In deep memory configurations, the synthesis attribute RAM_DECOMP can be
applied in the RTL to improve memory decomposition and reduce power consumption. When
applied, the memory is configured in a wider arrangement of primitives instead of a deep
and narrow configuration.
When the CASCADE_HEIGHT attribute is used together with
RAM_DECOMP, synthesis inference gains more granular control over
cascading. This provides balanced power and performance. While this approach requires
additional address decoding logic, it reduces the number of block RAMs accessed at a
time, helping to lower power consumption.
For example, applying
RAM_DECOMP = power and
CASCADE_HEIGHT = 4 infers 16 RAMB36E2
blocks and decomposes the memory as shown below.
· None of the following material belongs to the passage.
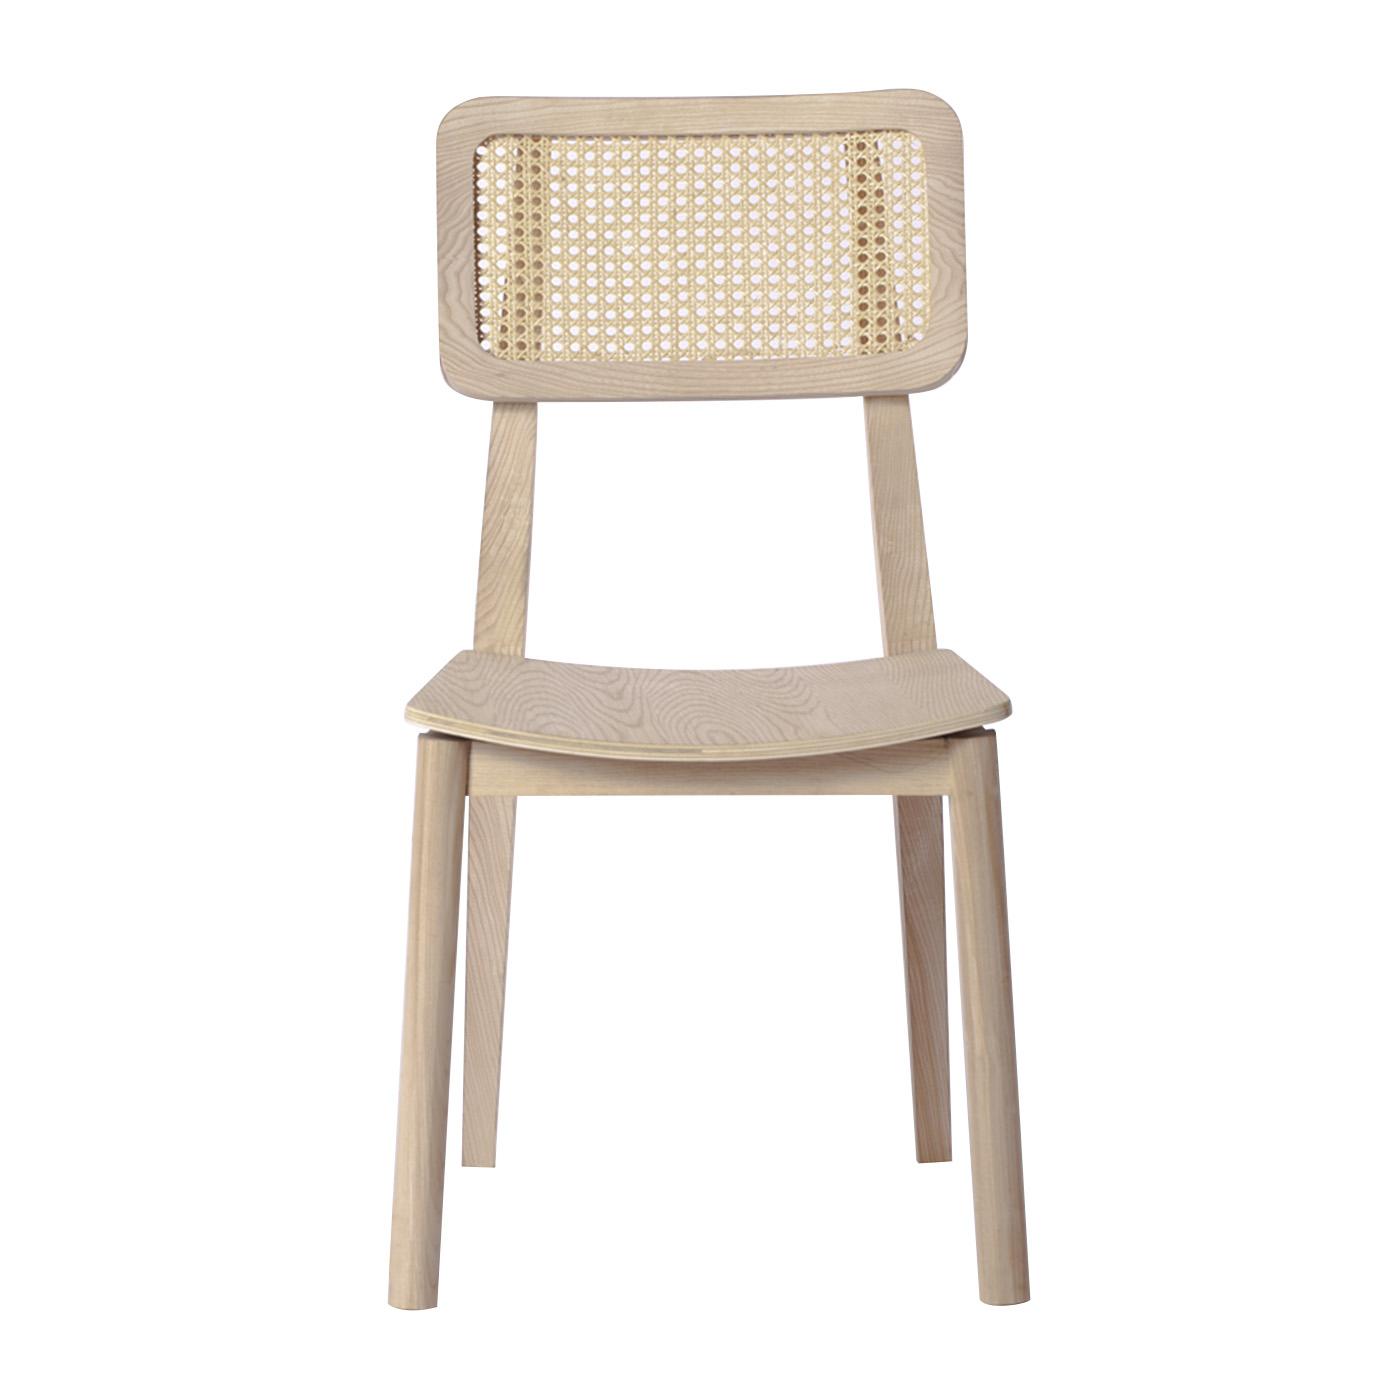 Ratargul Light Chair

The base primitive in this configuration is 32 × 1K. Four block RAMs are cascaded to form a 32 × 4K configuration. Four such parallel structures create a 16K-deep memory, with outputs multiplexed to generate the output data.
If only the
RAM_DECOMP
= power, 16 RAMB36E2 blocks are still inferred, but the
decomposition changes as shown in the following figure.
RAM_DECOMP Attribute
In this case, the base primitive is 32 × 1K, with eight block RAMs cascaded to form a 32 × 8K configuration. Two such parallel structures create a 16K-deep memory, with outputs multiplexed through a 2:1 MUX.
RAM_DECOMP Attribute
Power savings are similar in both configurations (Figure 2 and Figure 4), because only one block RAM is active at a time. However, performance differs: a four-level deep cascaded block RAM chain (Figure 2) provides better performance than an eight-level deep cascaded block RAM chain (Figure 4).